Я вернулся к винтовке, подобрал ее, и мое взвинченное, полубезумное состояние усугубилось, как только я прикоснулся к ней. Я подошел к обрыву, прицелился. Прицел упирался Бобби прямо в грудь. Давай, стреляй, сказал мертвец. Давай, давай, смотри, так здорово будет в него пульнуть. Но я отогнал от себя этот вой в голове – просто разжал пальцы и уронил винтовку на песок. В какой-то момент я действительно подумал, не выстрелить ли мне в воздух, чтобы привлечь внимание Бобби. Но я отшвырнул от себя и эту мысль, ведь звук выстрела наверняка напугал бы его; он мог бы тут же прыгнуть в воду, перевернув байдарку. К тому же, мне не хотелось прикладывать эту штуку к плечу снова. А искушение было велико – еще чуть-чуть и я бы выстрелил. И не в воздух. Нев воздух.

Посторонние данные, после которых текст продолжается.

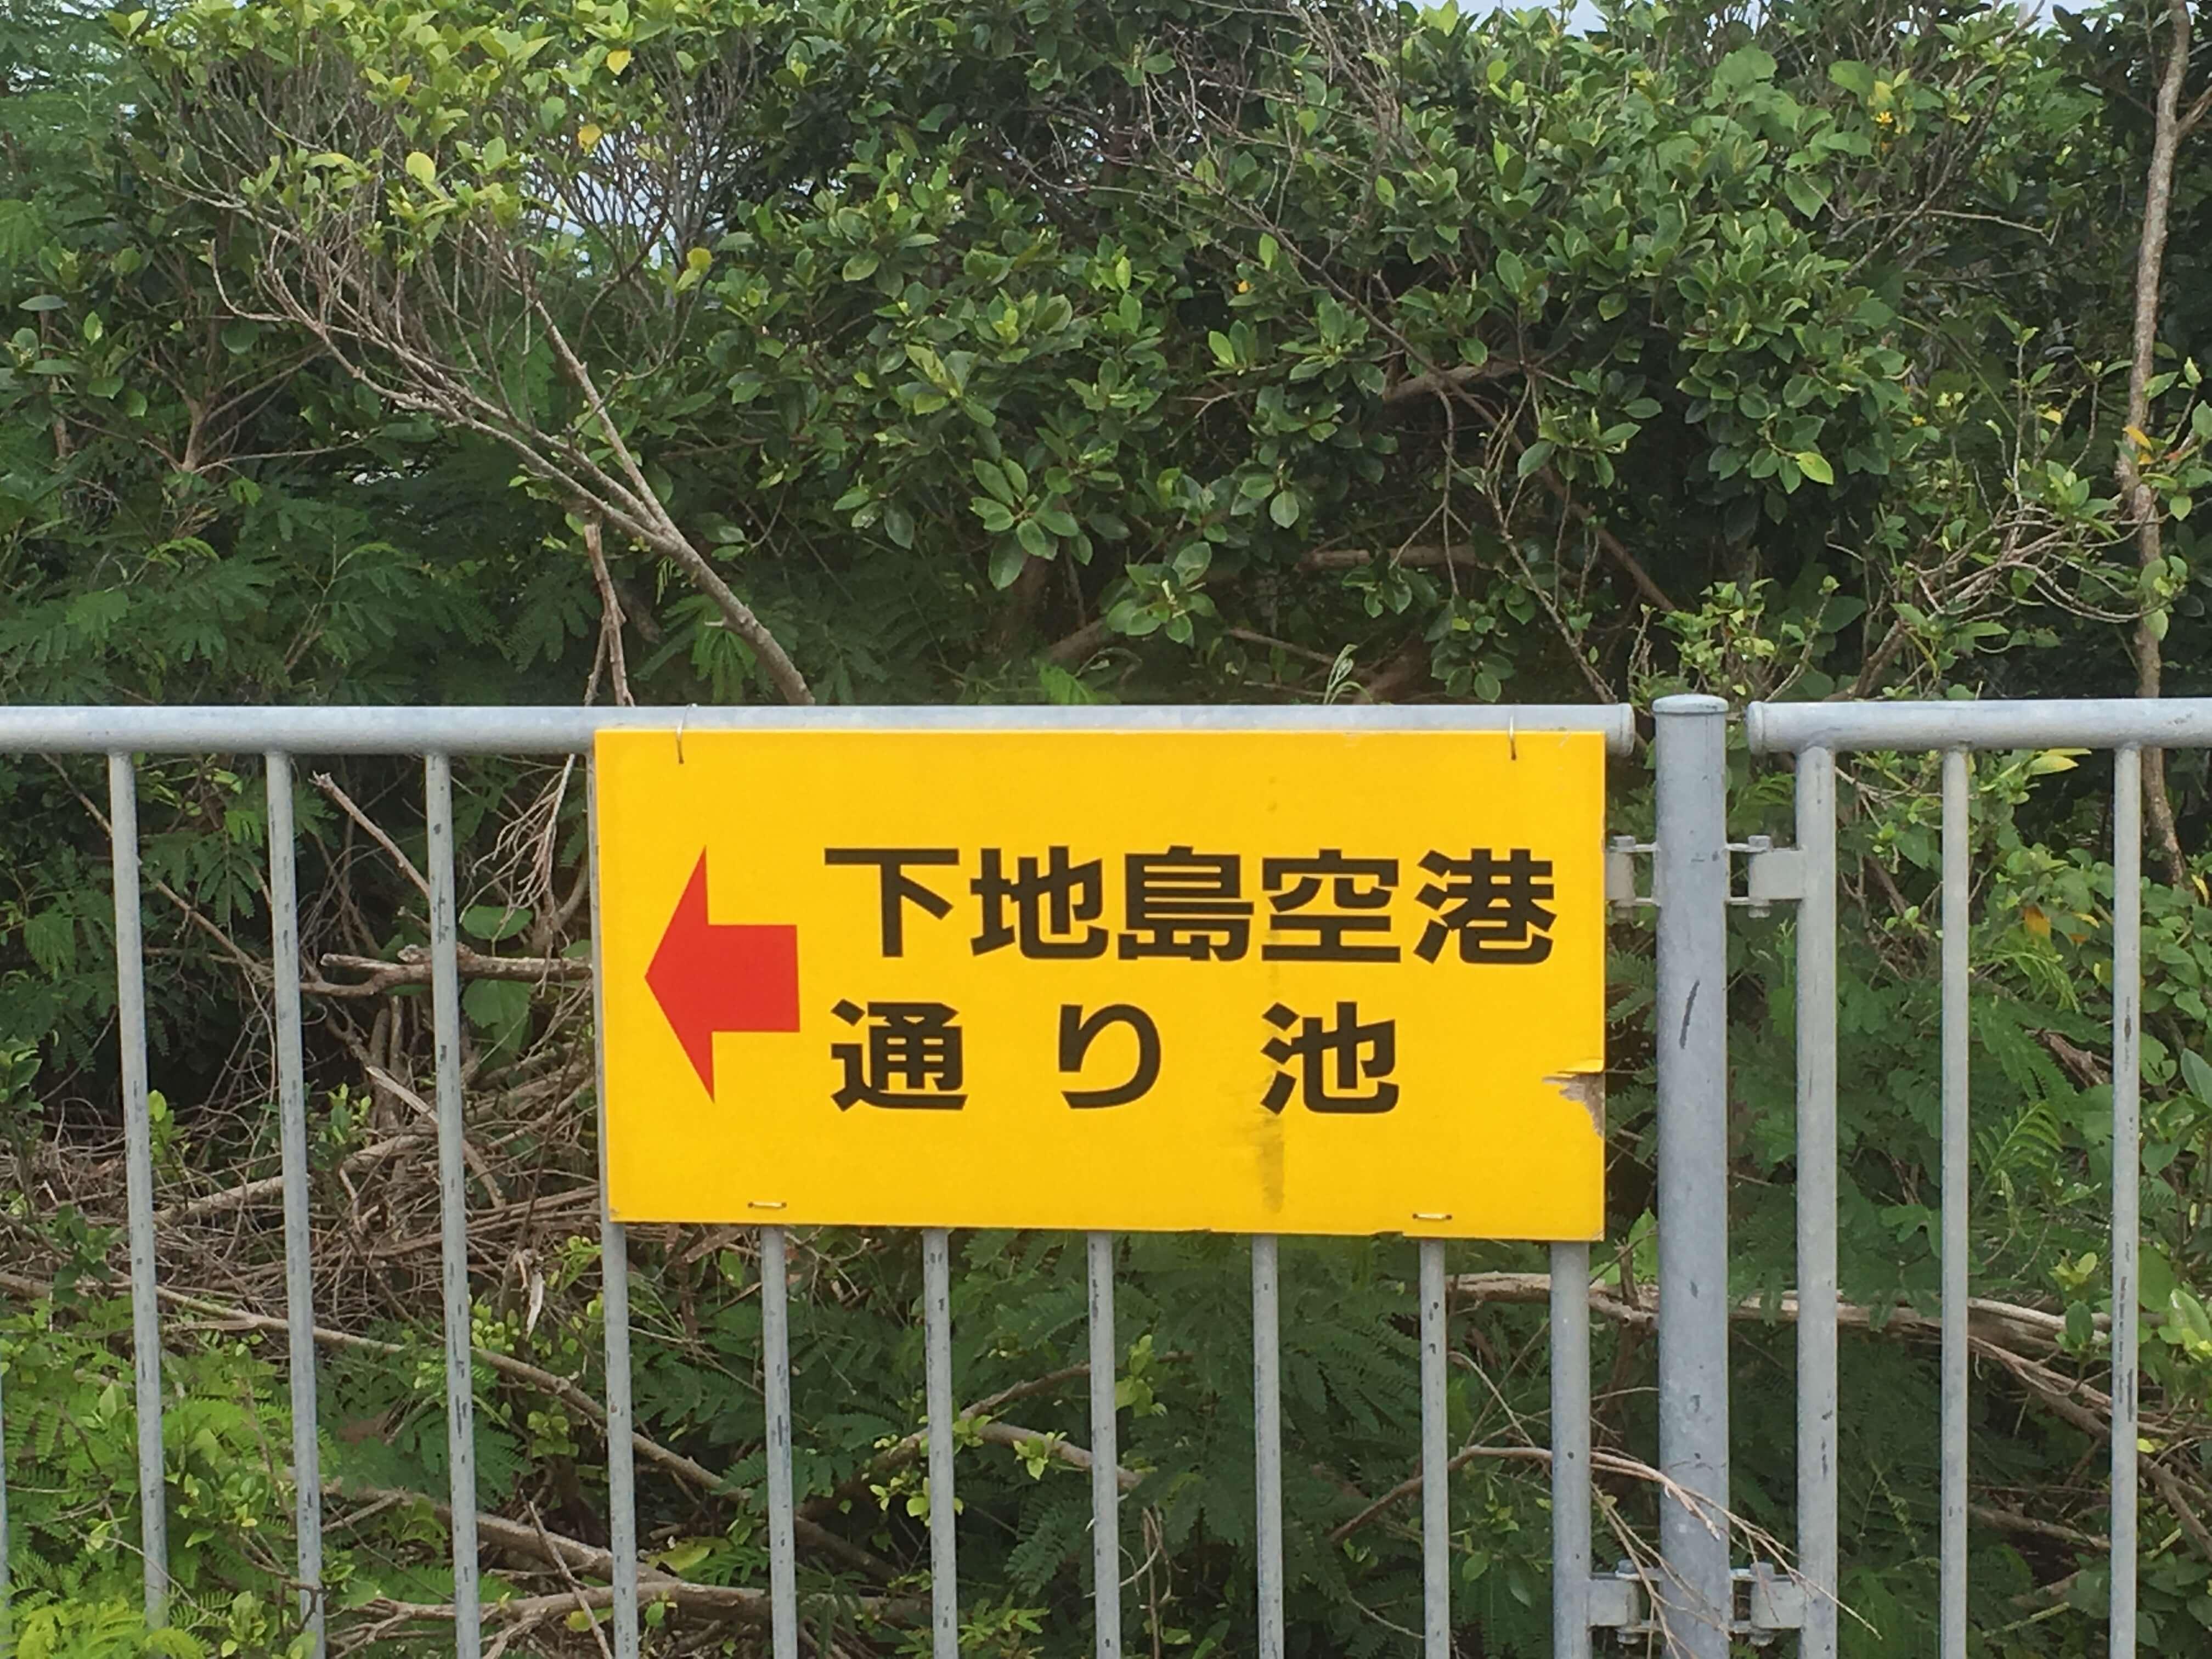 下地島空港(宮古島)現地リポート第二弾!!工事が遅れるであろう3つの原因が判明!!(画像有)

Я взял винтовку за ствол, раскрутил над головой и швырнул как можно дальше. Винтовка, тяжело вращаясь, полетела вниз, потом перешла в простое падение, медленно переваливаясь из стороны в сторону, и, наконец, ударилась о воду метрах в пятидесяти от байдарки. Я надеялся, что Бобби увидел ее падение и успел рассмотреть, что это винтовка, и понять, что дело сделано – мы в безопасности. Винтовка, падающая с неба, уже не могла выстрелить.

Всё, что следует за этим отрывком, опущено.